_GIVEN DATA_
• • • • • • •
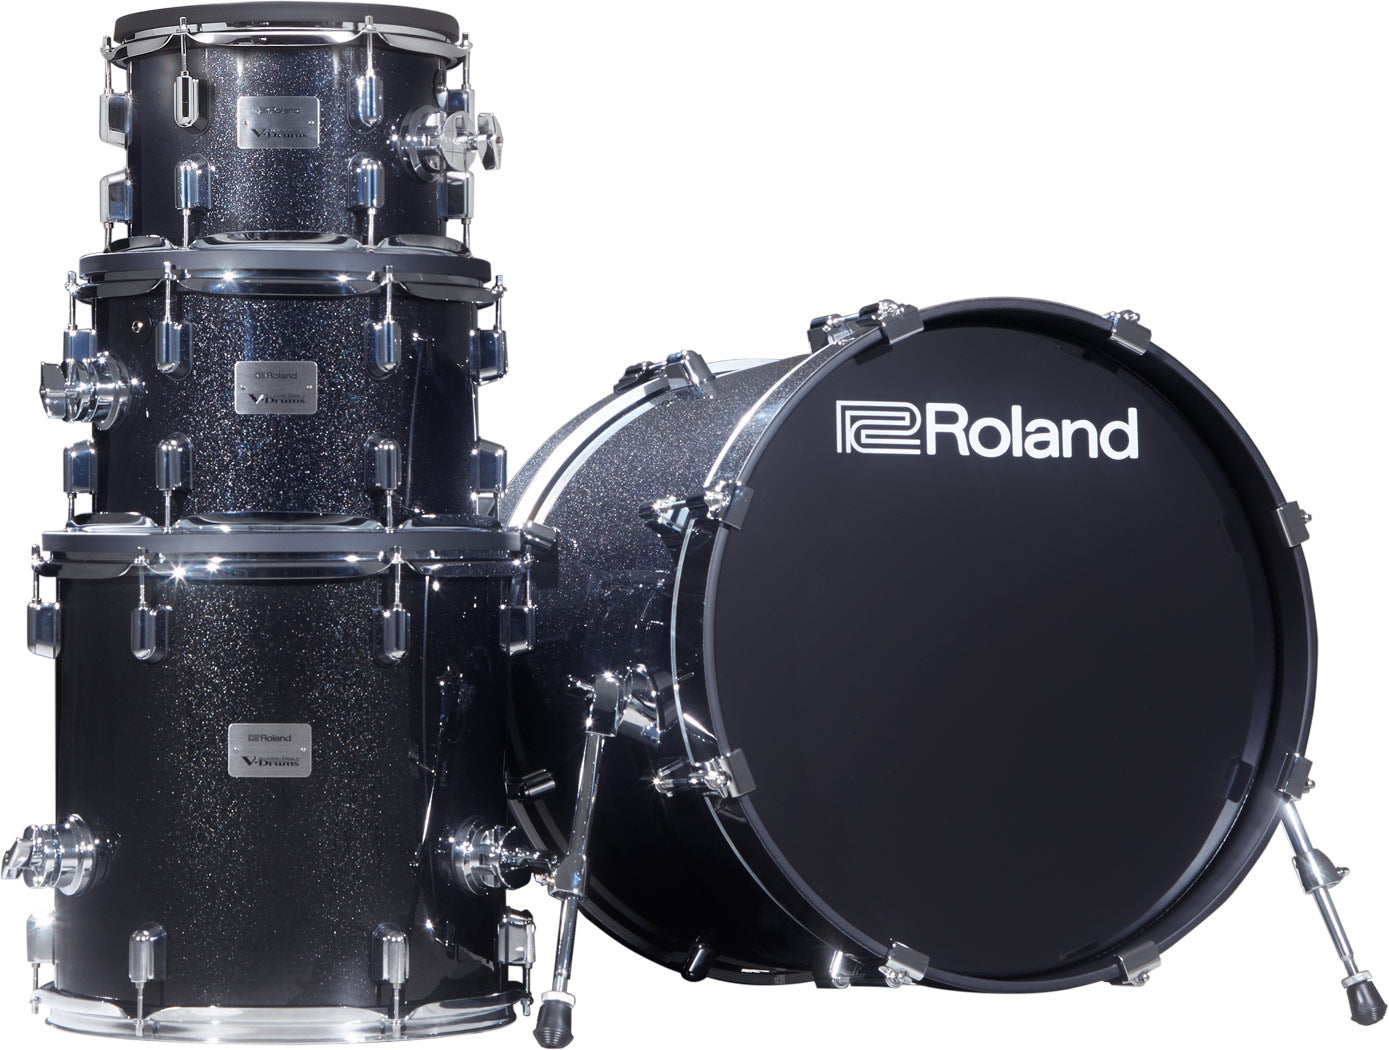 V-Drums Acoustic Design Series 506 Drum Kit w/TD-27 Module
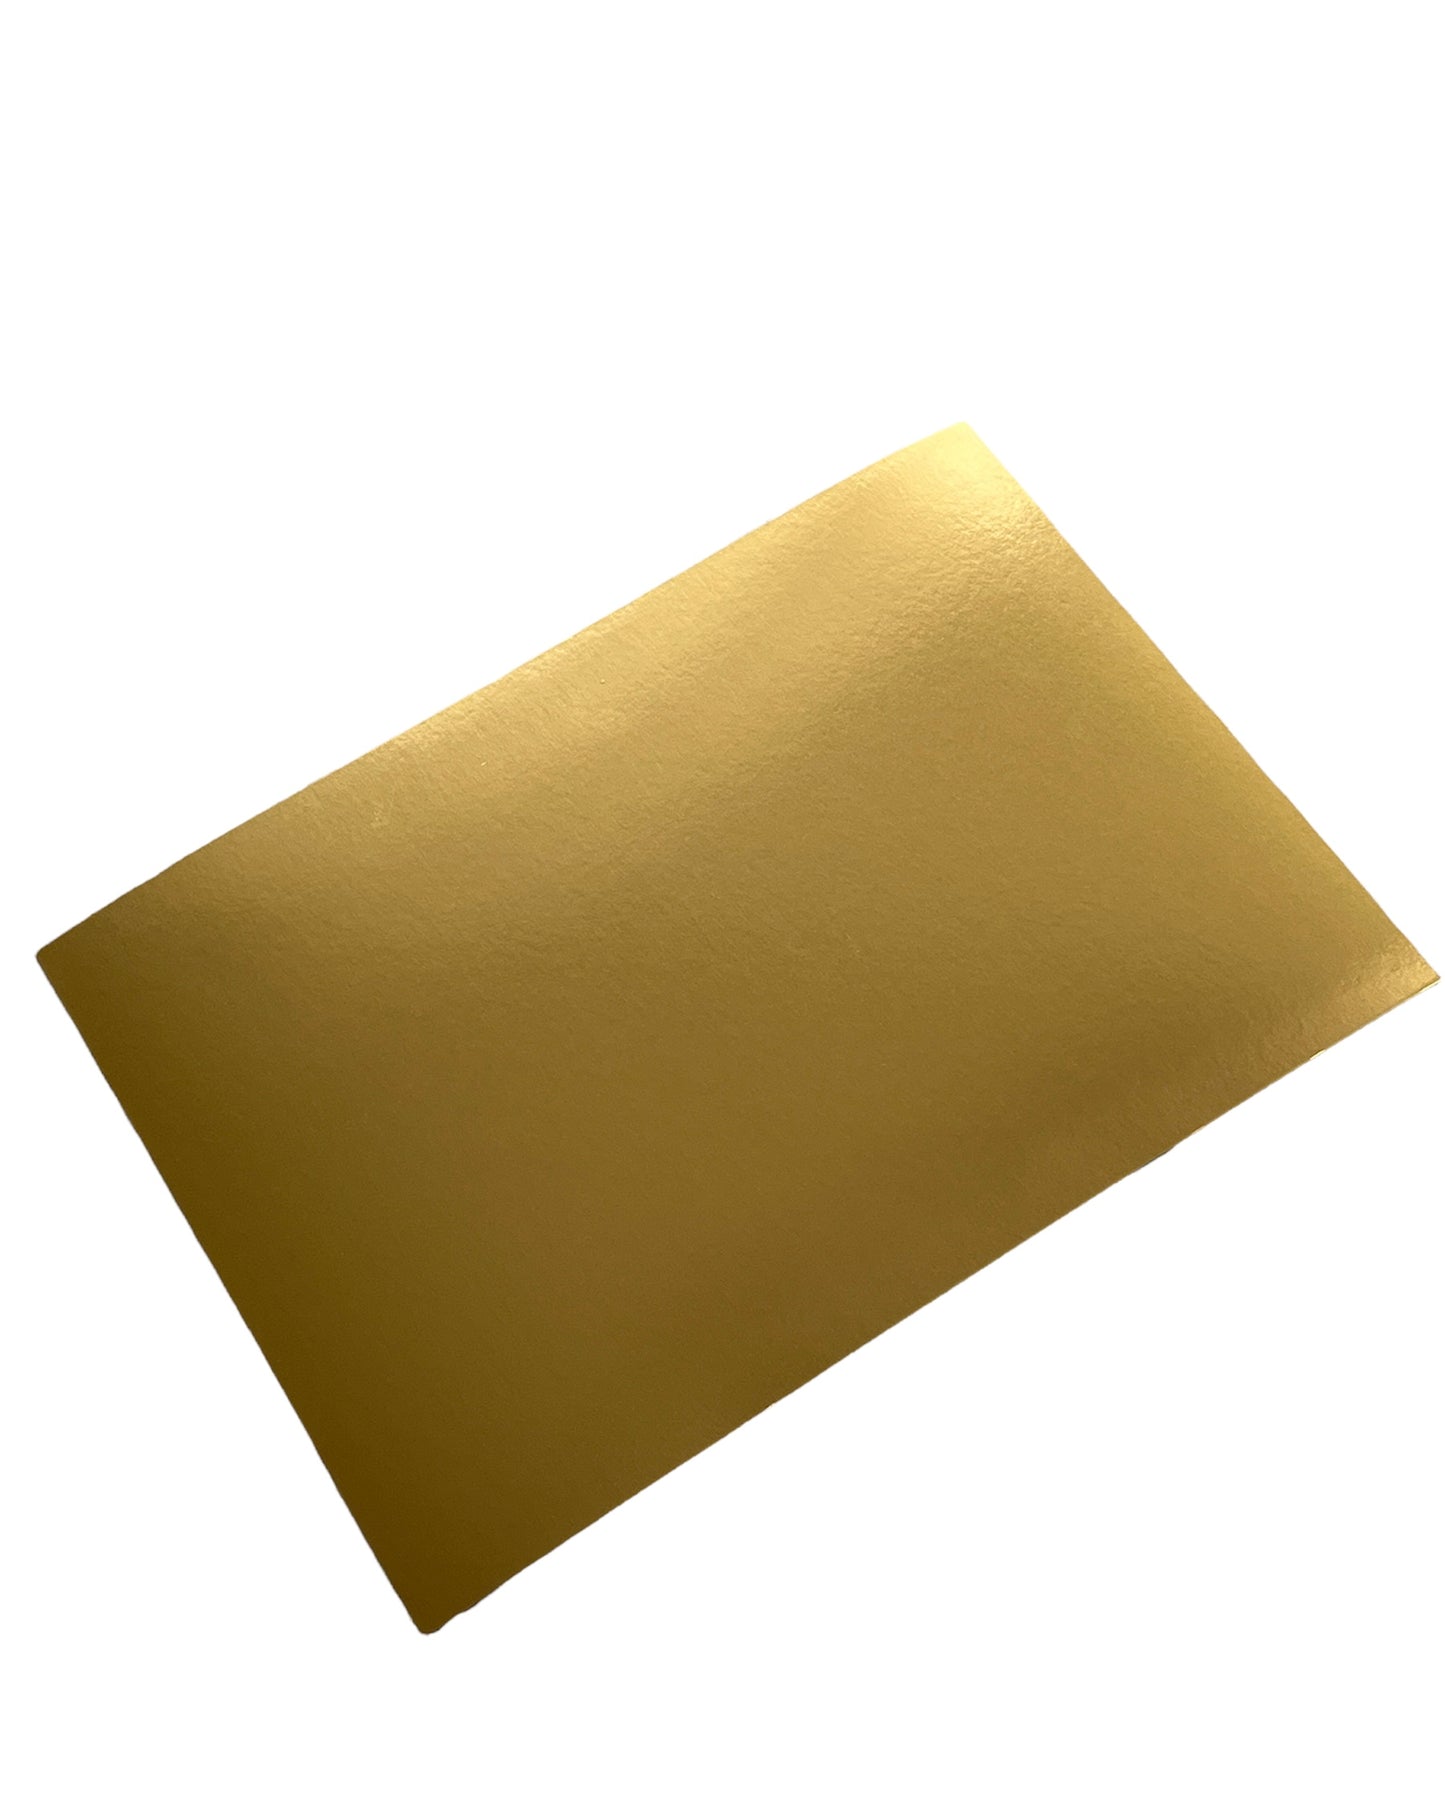 YELLOW GOLD GLOSS - 280 GSM - Rainbow Card
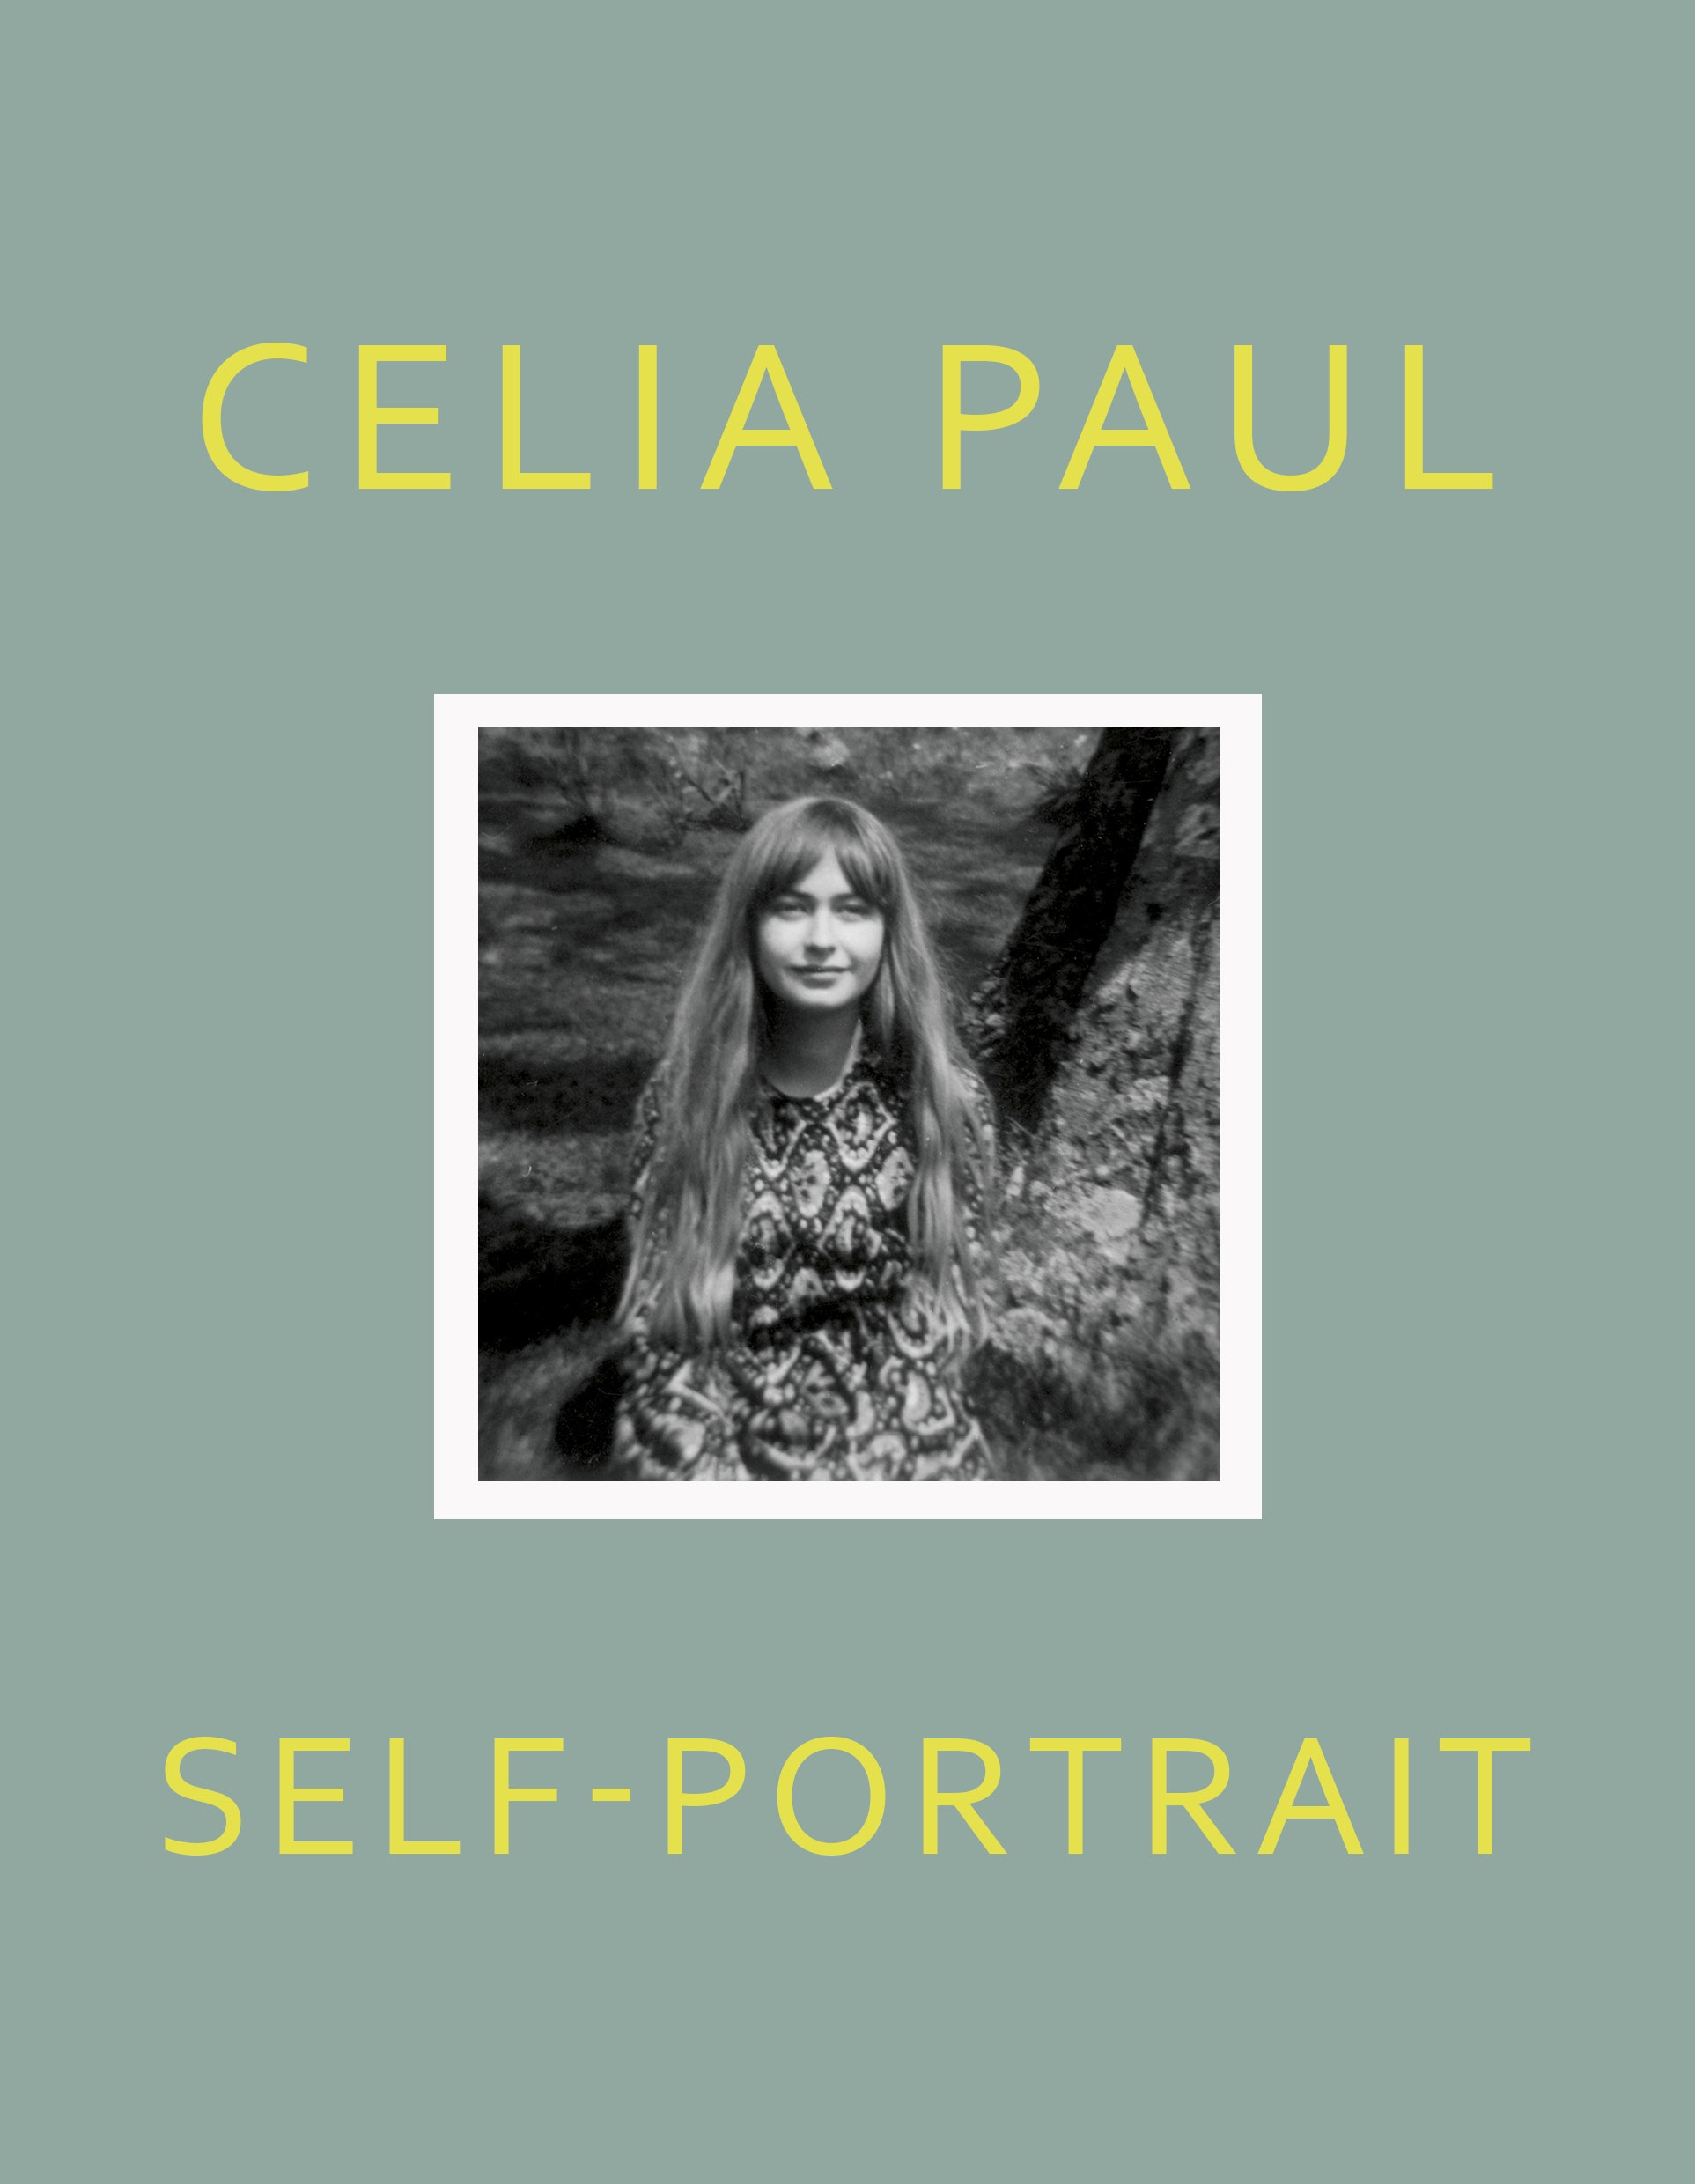 Book “Self-Portrait” by Celia Paul — November 7, 2019
• • • • • • •
_THE PROBLEM_
Apart from the pictures, every line above must be printed exactly.

_THE COMPLETED TASK_
 V-Drums Acoustic Design Series 506 Drum Kit w/TD-27 Module
 YELLOW GOLD GLOSS - 280 GSM - Rainbow Card
 Book “Self-Portrait” by Celia Paul — November 7, 2019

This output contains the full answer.